In a survey dataset I have a variable that has measurement error. I want to impute new values to it. I have a training dataset that includes surveys from past years that have common variables, so I want to use the correlations of the covariates in the imputation. Also, I know some things about the distribution of the target variable:
- It is normal
- The true mean
- The true standard deviation
I have been suggested to use a bayesian regression to incorporate these priors as well as the covariates. In most forums, I have seen that this is done with stan/brms models. However, I know little about this kind of models.

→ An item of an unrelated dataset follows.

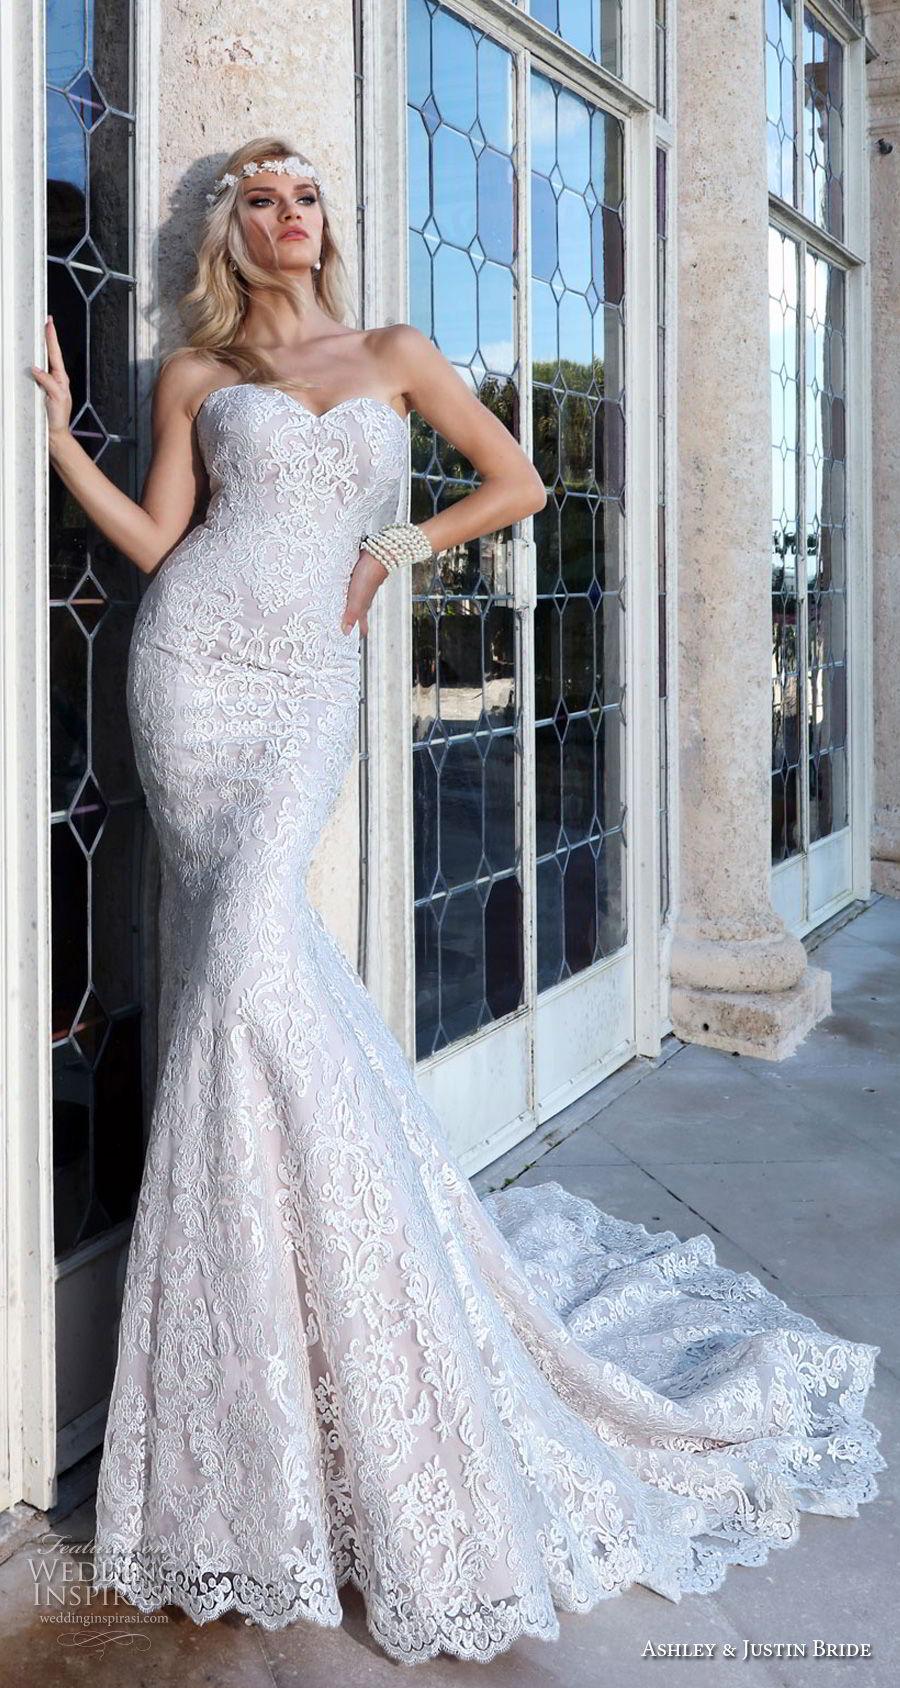 ashley justin spring 2018 bridal strapless sweetheart neckline full embellishment elegant romantic fit and flare wedding dress open back chapel train (10) mv
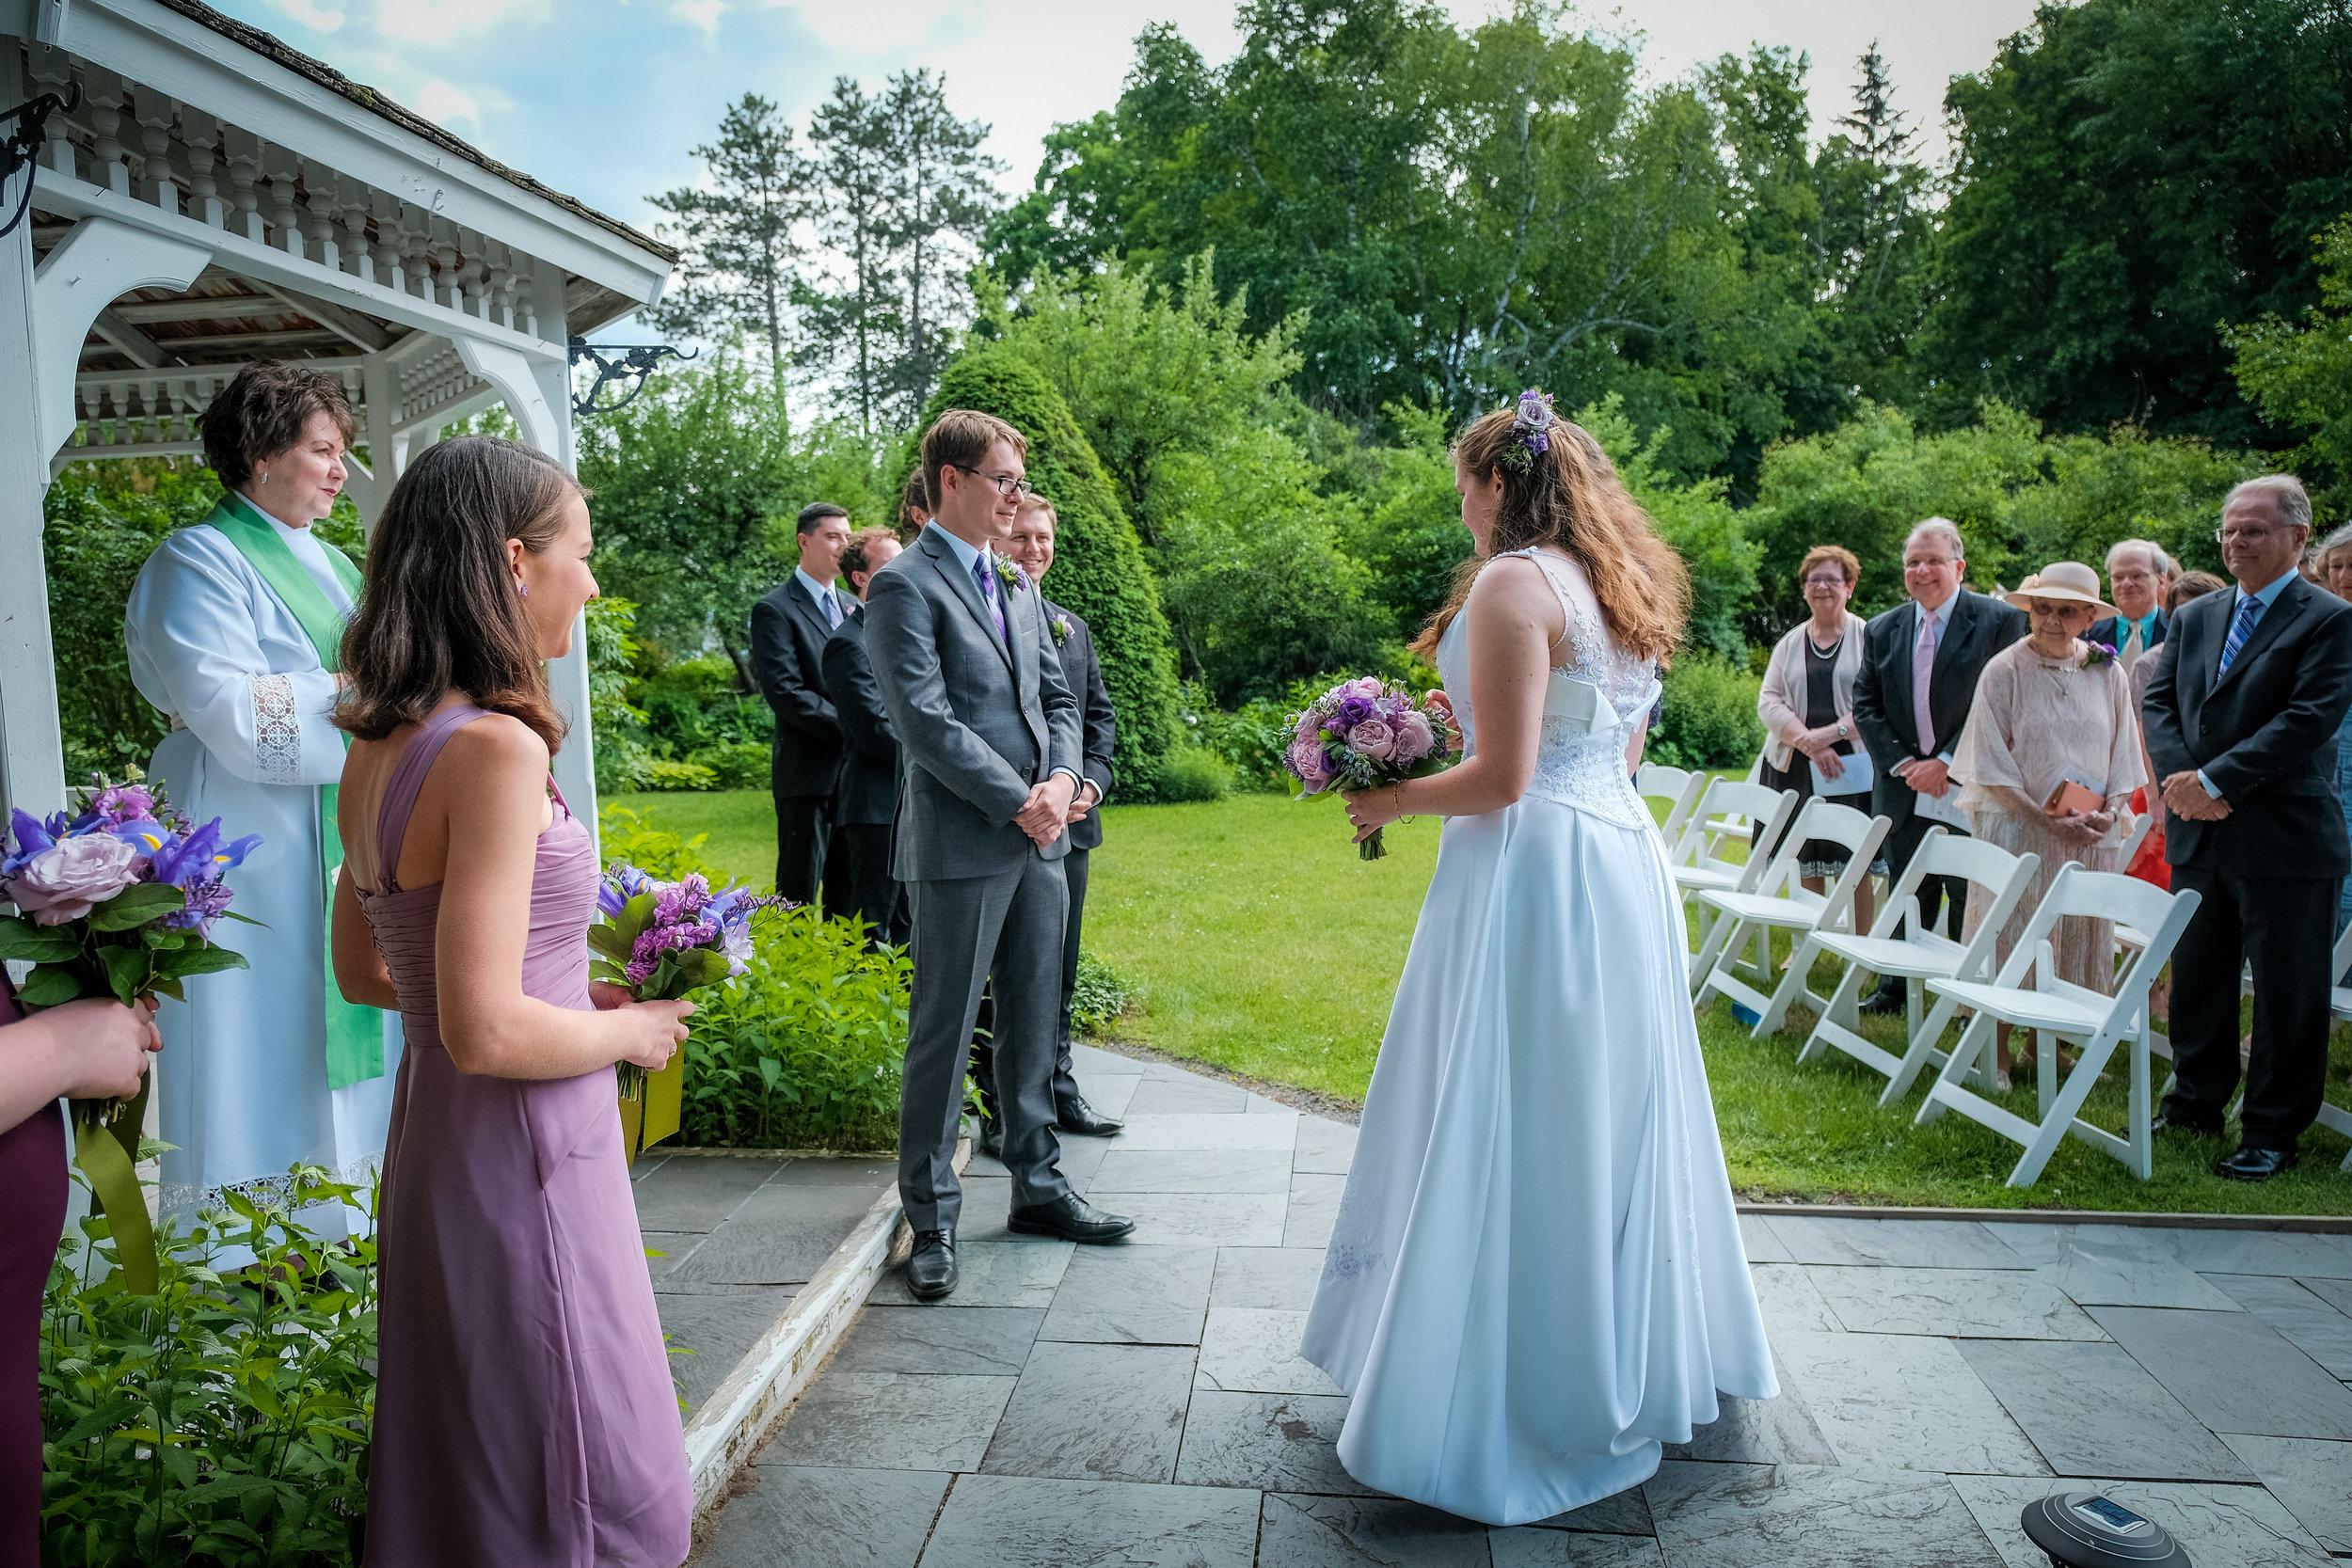 Vermont-Lilac-Inn-Wedding-Photography-547.jpg

Therefore, in short, I am looking for a code in R that is able to replace values with measurement error so that the resulting imputed variable has a normal distribution, the known mean, the known standard deviation and is in accordance with the covariates of the training dataset.
Here I include a replicable dataset on which the code I am asking could be applied:
# Set seed for reproducibility
# set.seed(42)
# Number of observations
n <- 1000
# Simulate 'variable_with_error' with random measurement error
measurement_error <- rnorm(n, mean = 0, sd = 1)
variable_with_error <- rnorm(n, mean = 0, sd = 1) + measurement_error
# Create some predictor variables
predictor1 <- rnorm(n, 0, 1)
predictor2 <- rnorm(n, 0, sd = 1)
predictor3 <- rnorm(n, 0, sd = 1)
# Combine into a data frame
df <- data.frame(
variable_with_error = variable_with_error,
predictor1 = predictor1,
predictor2 = predictor2,
predictor3 = predictor3
)